Actual trade results are fed back into the next learning cycle.

Key characteristics

1. Automation

Every step runs automatically; no manual intervention is required.

2. Persistence

Learning continues for as long as the system runs.

3. Independence

Each exchange is learned independently, reflecting its own behavior.

4. Verifiability

All learning data is stored in a standard format and can be audited.

Government R&D and investor perspective

Technical innovation

The AI learning data system enables continuous learning and automatic optimization.

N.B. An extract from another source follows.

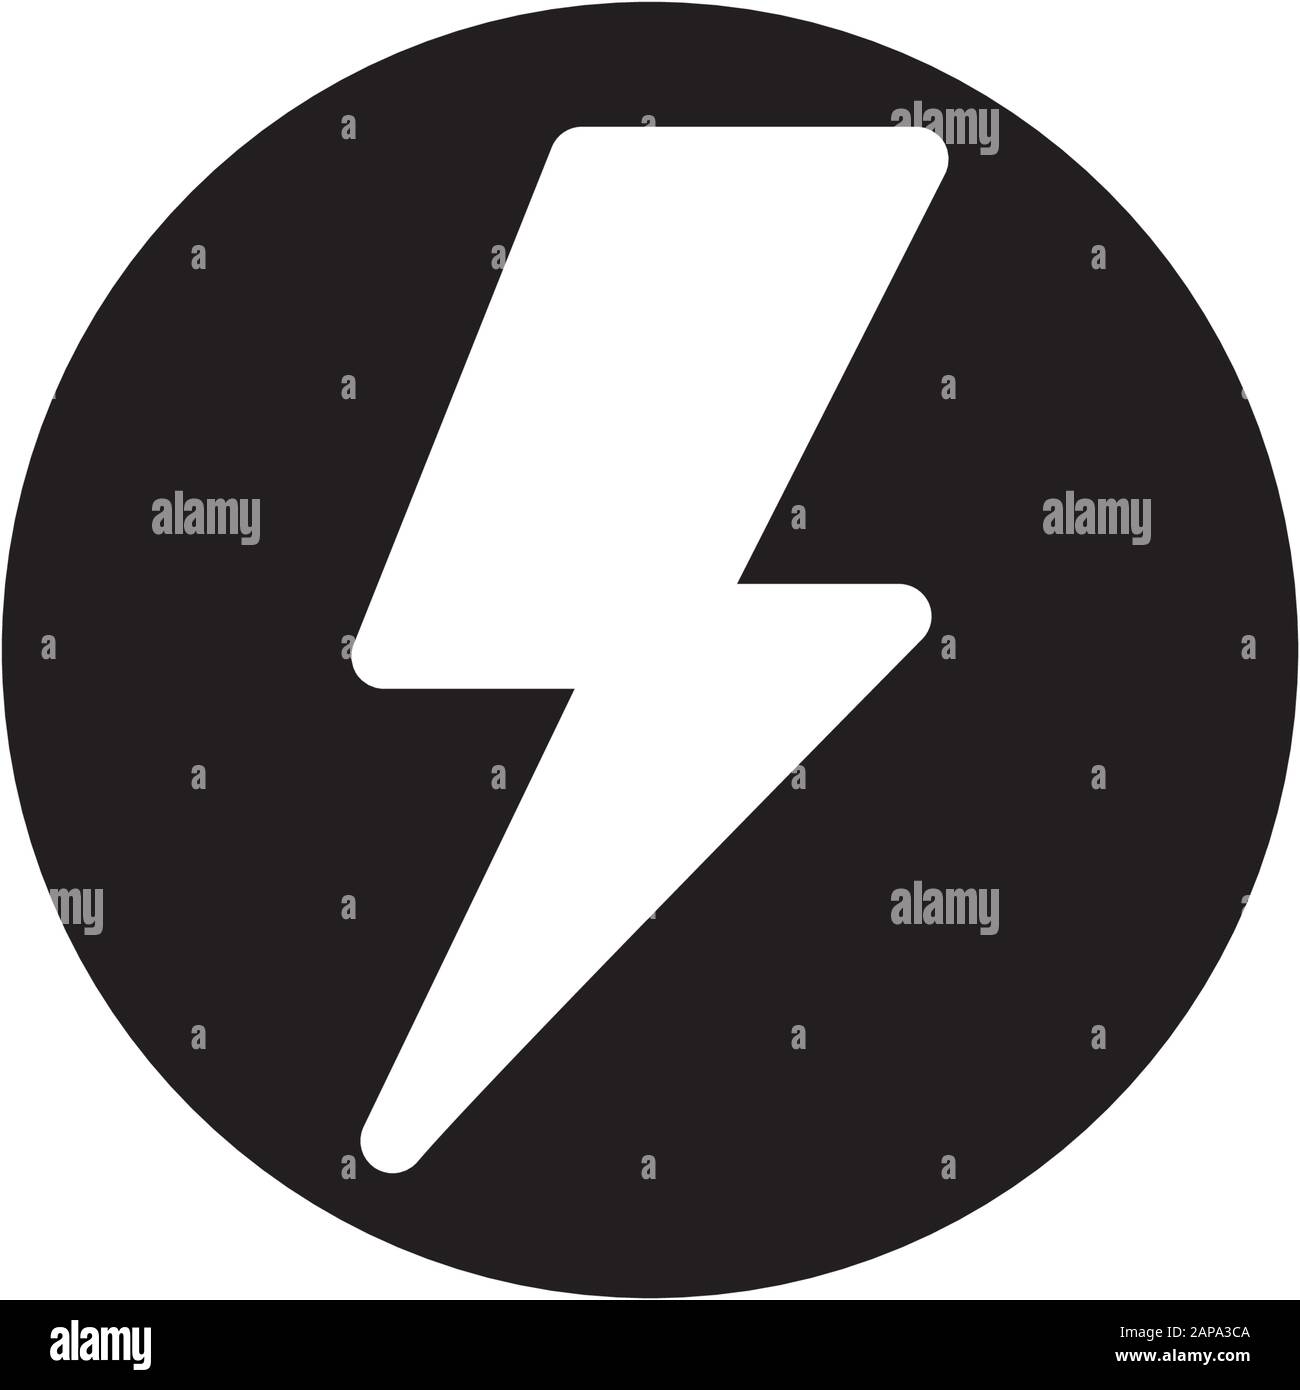 Lightning bolt flash thunderbolt icons vectors Stock Vector
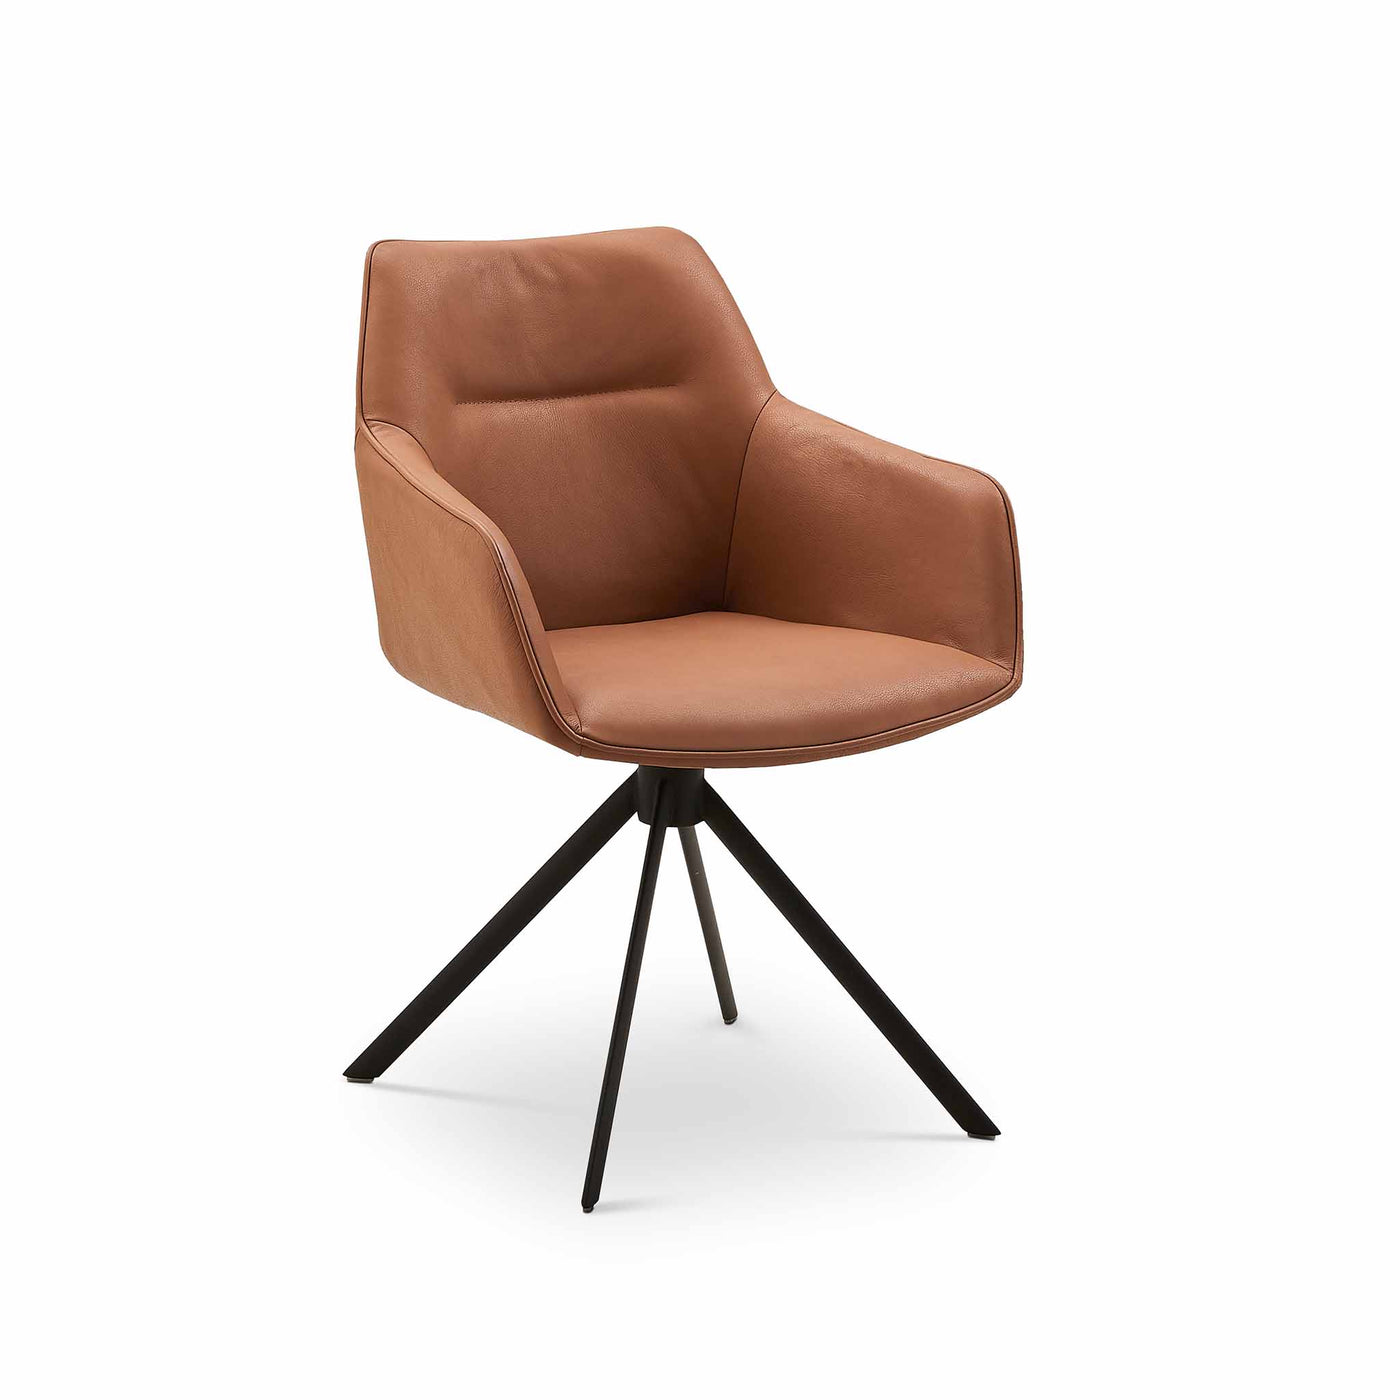 Bestseat spisebordsstol fra Casø Furniture i cognac farvet læder og med sorte metalben

  • Automatic learning: Learns without manual intervention
  • Pattern recognition: Automatically recognizes market patterns
  • Dynamic optimization: Tunes behavior as markets change

Extensibility

The learning data system continues to work as new exchanges or asset classes are added.

  • When a new exchange is added, learning starts automatically
  • When a new asset class is added, it learns independently
  • Existing learning data is not unnecessarily disrupted

Conclusion

The AI learning data system is a core system that realizes not “fixed automation” but “a judgment structure that accumulates experience.”

Automatically collecting and analyzing every trade signal, then learning and optimizing continuously, is an important example of technical innovation and extensibility.